Well, obviously it wouldn't be considered a feature if it performed the same as GDDR5. They also wouldn't have bothered developing it for the past 3 years if it performed the same as GDDR5...


----------



## epic1337

Quote:


> Originally Posted by *Majin SSJ Eric*
> 
> Well, obviously it wouldn't be considered a feature if it performed the same as GDDR5. They also wouldn't have bothered developing it for the past 3 years if it performed the same as GDDR5...


i'm not saying it would perform like GDDR5, i'm implying it like "can the GPU even utilize the advantage of HBM?", similar to how DDR4 hardly matters over DDR3 in terms of real-world performance.

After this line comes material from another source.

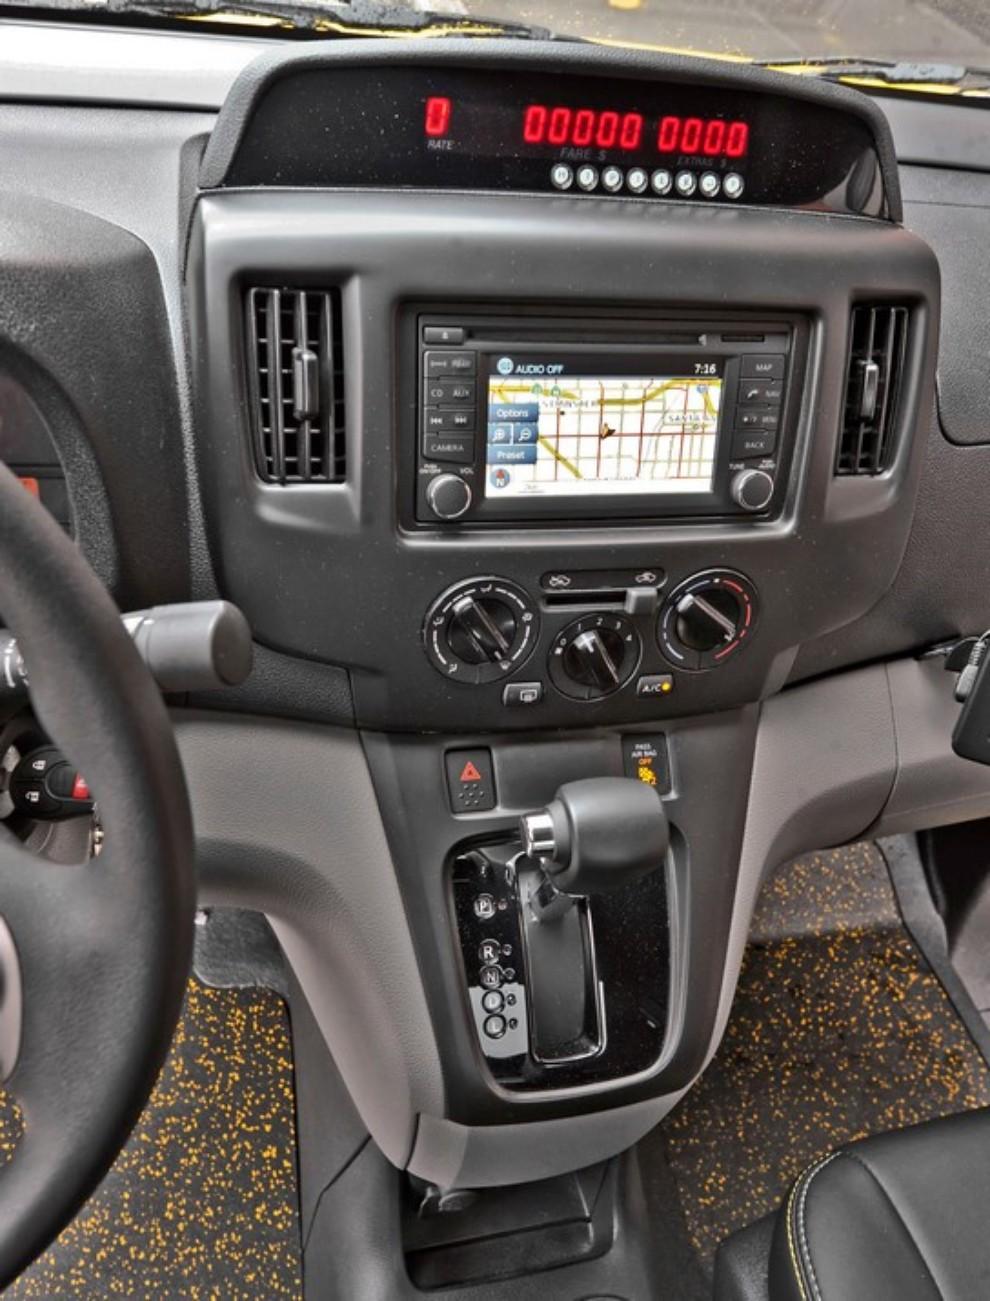 Nissan NV200 è il nuovo taxi di New York - Foto 20 di 28

to begin with, were GPUs even bandwidth bottlenecked?


----------



## magicc8ball

Quote:


> Originally Posted by *epic1337*
> 
> thats true, but if the card does performs identically to a 980Ti in all aspects, would having HBM give any merit then? i think not.
> 
> the problem i see with fiji is that it requires liquid cooling to some extent, which implies that its not an efficient GPU, possibly 300W or so, which means an air cooled version would have thermal constrictions for it to overclock.
> in such a case, at $599 ( or even $649 due to aftermarket coolers from other manufacturers ) wouldn't be worth it compared to a $699 aftermarket 980Ti, 980Ti are known to overclock very well and still remain cool.
> 
> tl;dr - if fiji can assure an overclock of at least 30% on air cooler without overheating at $599, then maybe its worth it, while disregarding Nvidia niche features.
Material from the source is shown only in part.